A recent study has shown that growth factor deprivation induces proteolytic cleavage of the proapoptotic Bcl-2 family member BID to yield its active truncated form, tBID (46). However, activated AKT inhibited mitochondrial cytochrome c release and apoptosis following BID cleavage. In concordance with this, our data shows that inhibition of the PI3′-kinase/AKT pathway induced cleavage of BID in PELs, but cytochrome c was released from the mitochondria only in those cells (BC1) that had AKT completely dephosphorylated and not in cells with residual AKT phosphorylation (BCP1; Fig. 5B). Alternatively, the release of cytochrome c in BCP1 through BID activation was abrogated by an antiapoptotic mechanism at the mitochondrial level. Recently, it has been shown that AKT inhibits apoptosis downstream of BID cleavage involving hexokinases (46). AKT has also been shown to accumulate in the mitochondrial matrix and membrane after activation of PI3′-kinase (47). Moreover, the residual amount of phosphorylated AKT in BCP1 suggests that AKT may protect XIAP from degradation in response to PI3′-kinase inhibition.

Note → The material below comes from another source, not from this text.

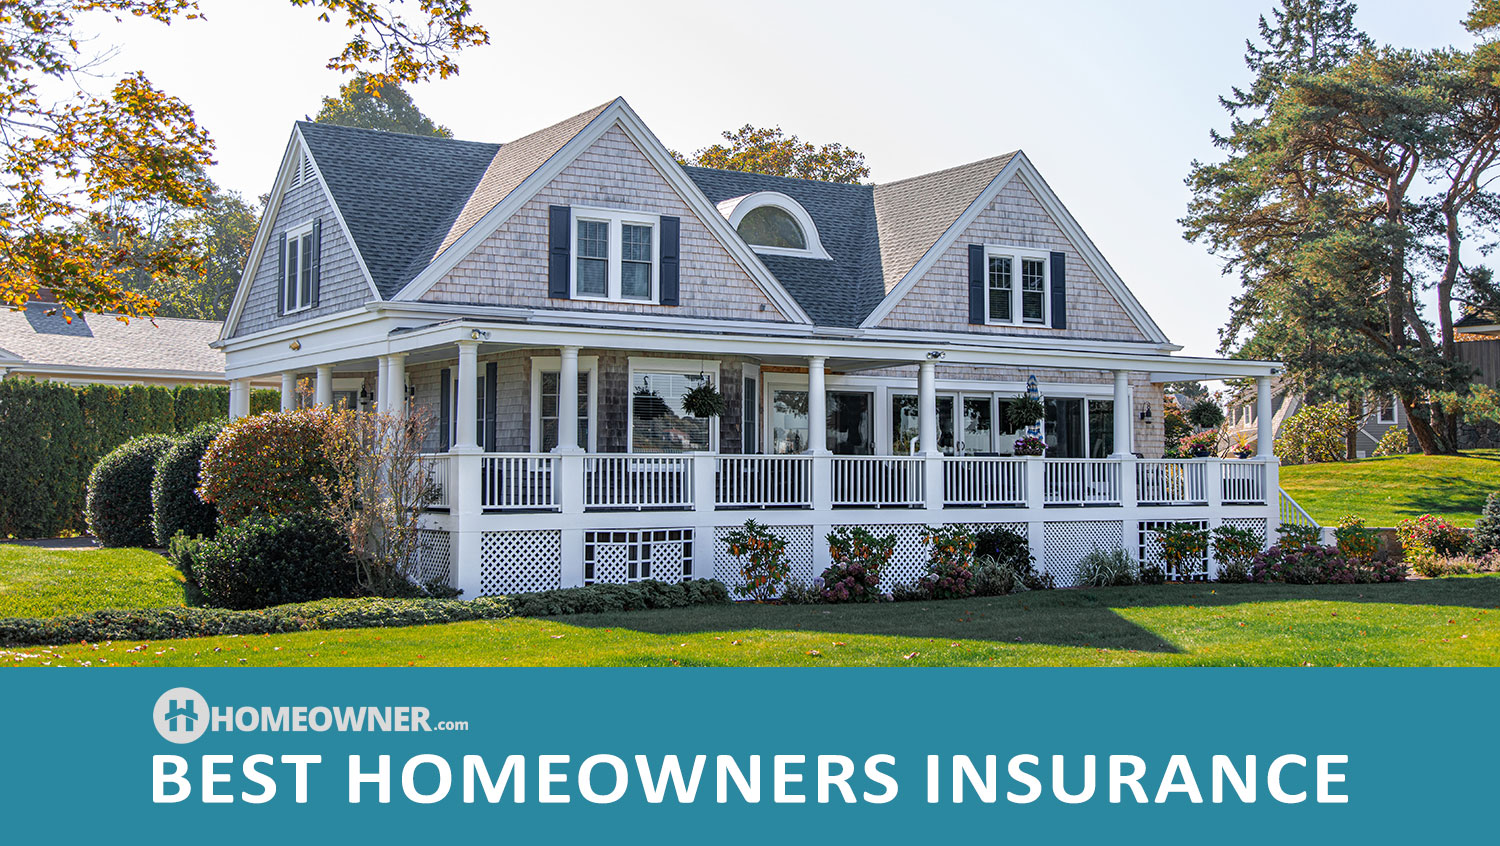 47 Homeowners Insurance Companies in USA

Together, our results establish that the PI3′-kinase/AKT pathway is constitutively activated in human PEL cell lines. Inhibition of PI3′-kinase leads to apoptosis in most PELs through release of cytochrome c from the mitochondria and activation of downstream caspases. These studies may have important implications for future preclinical and clinical studies in PEL. Indeed, they may pave the way for investigations aimed at determining the usefulness of a novel strategy for treating PEL with inhibitors of the P13′/AKT pathway, alone or in combination with other agents. Further animal and preclinical studies are needed to validate the data presented here, which has greater effect with recent identification of small molecular inhibitors.